I'm also a firm believer that being a safe and smart pilot is all about leaving yourself as many outs as possible. An out is simply a way out of something that is hazardous or has the potential to become hazardous. For instance, a way out of icing conditions may be the ability to climb above the clouds. A way out of thunderstorm hazards may be the fact that you are staying out of the clouds to increase your ability to see and avoid them.

The cold hard truth is that when you fly at night, you simply lose one of your biggest outs: the ability to see the surface of the Earth so you can choose your landing spot more wisely. Knowing this, what can we do to possibly improve our odds in addition to what the FAA recommends? Here's my advice.
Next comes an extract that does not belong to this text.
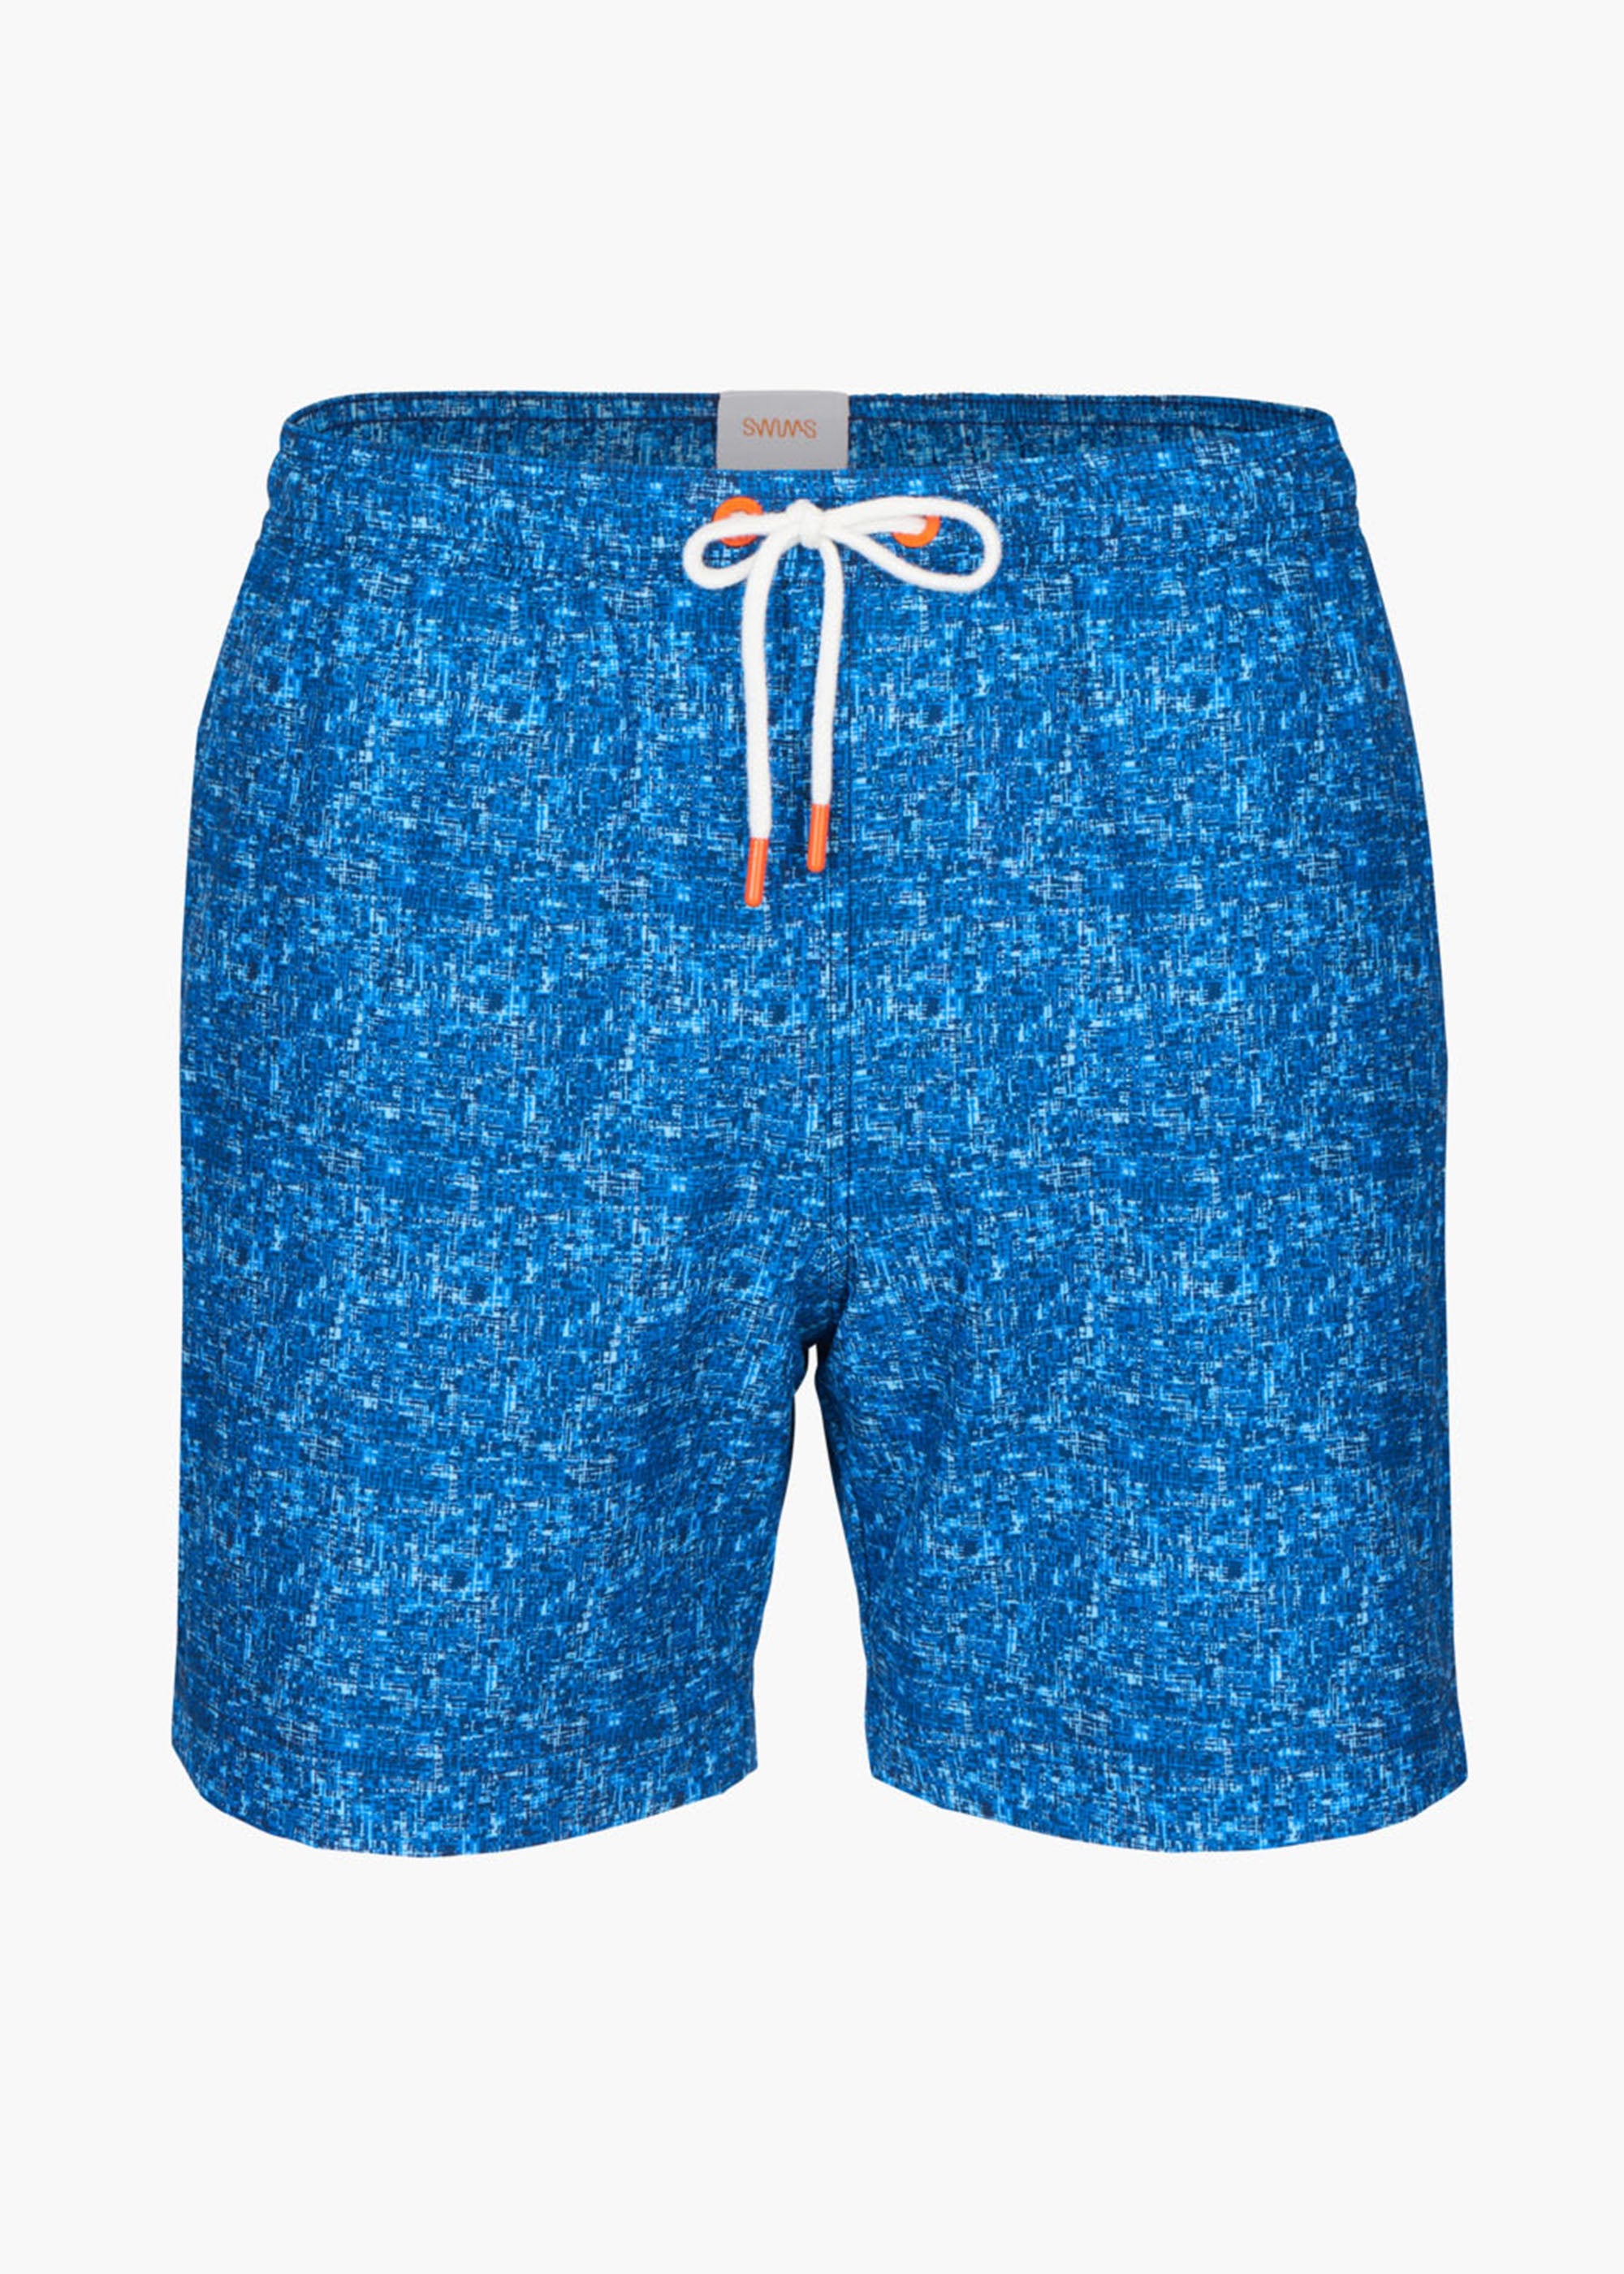 Sol Swim Short (6 ½” inseam) - background::white,variant::Ponza Ensign Blue

Pick a high cruising altitude. This will give you more time to troubleshoot and a greater gliding distance, possibly to an airport. It also wouldn't hurt to choose a route which takes you over or near several other airports along the way. If the engine did fail, wouldn't it be nice to know you had an airport underneath you? Also use VFR flight following or go IFR, even if in VFR conditions. ATC may be able to vector you to a good landing spot.

I hope this sheds some light on the subject and if nothing else, gets you thinking about what your strategy would be for night engine failures. I'm not trying to scare anyone out of flying at night, because I think it can be some of the most pleasant and enjoyable flying that there is. But we always must know that potential hazards that exist whenever we take to the skies, no matter what the conditions.